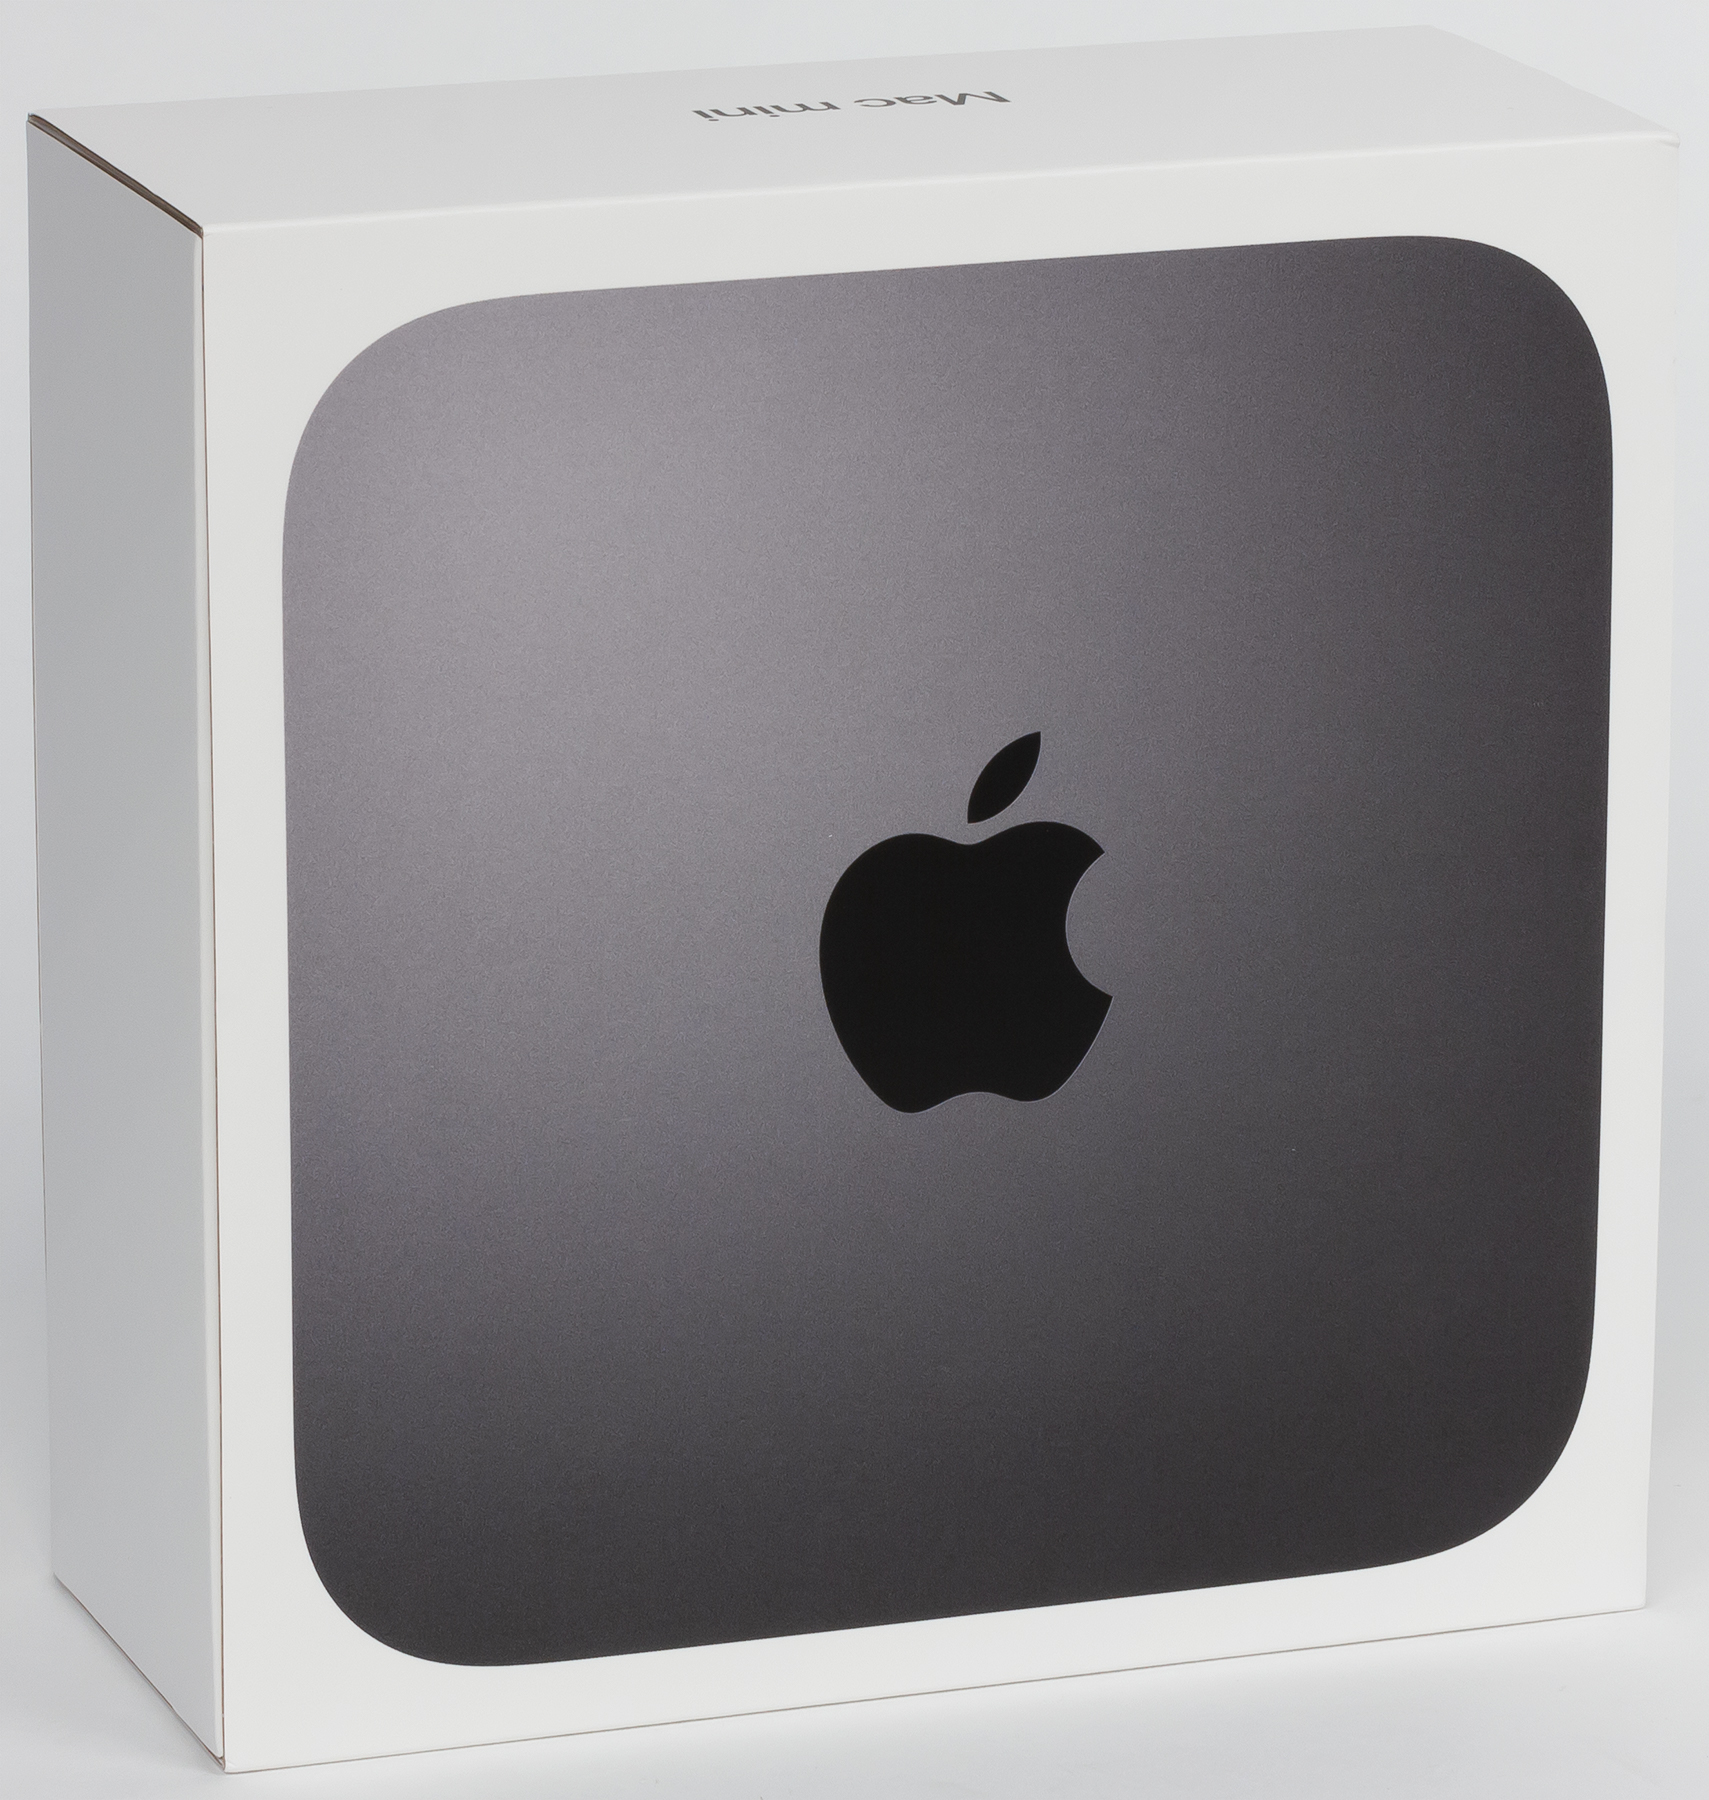 Mac mini and the Environment
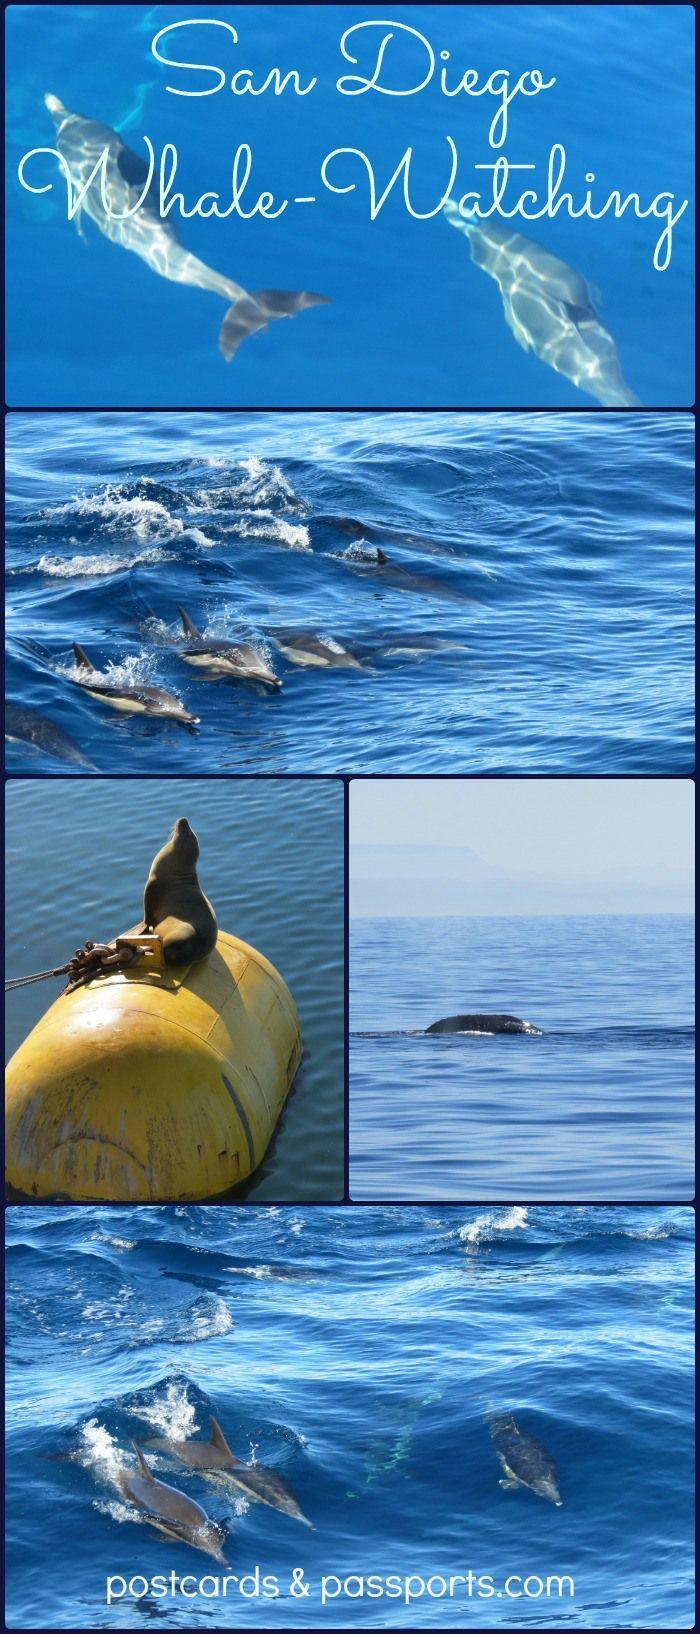 San Diego Whale-Watching - Postcards & Passports:
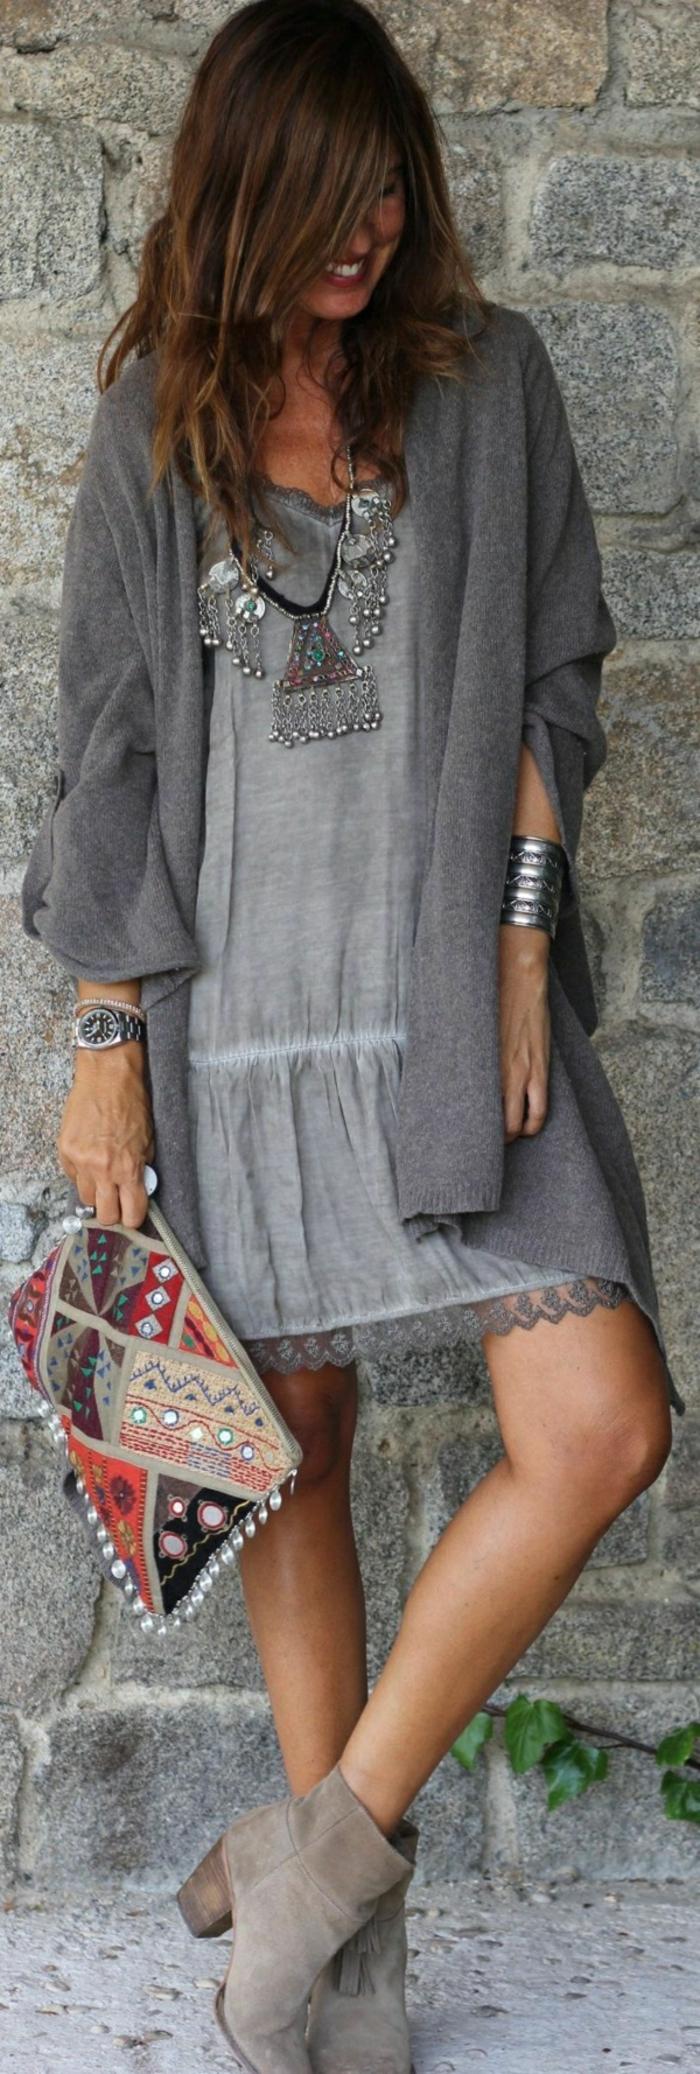 graues-Kleid-Clutch-bohemian-style-silberner-Schmuck

▸ **What needs to be done**: Your response should reproduce the entire listing verbatim, minus the pictures.

▸ **Task solution**:
 Mac mini and the Environment
 San Diego Whale-Watching - Postcards & Passports:
 graues-Kleid-Clutch-bohemian-style-silberner-Schmuck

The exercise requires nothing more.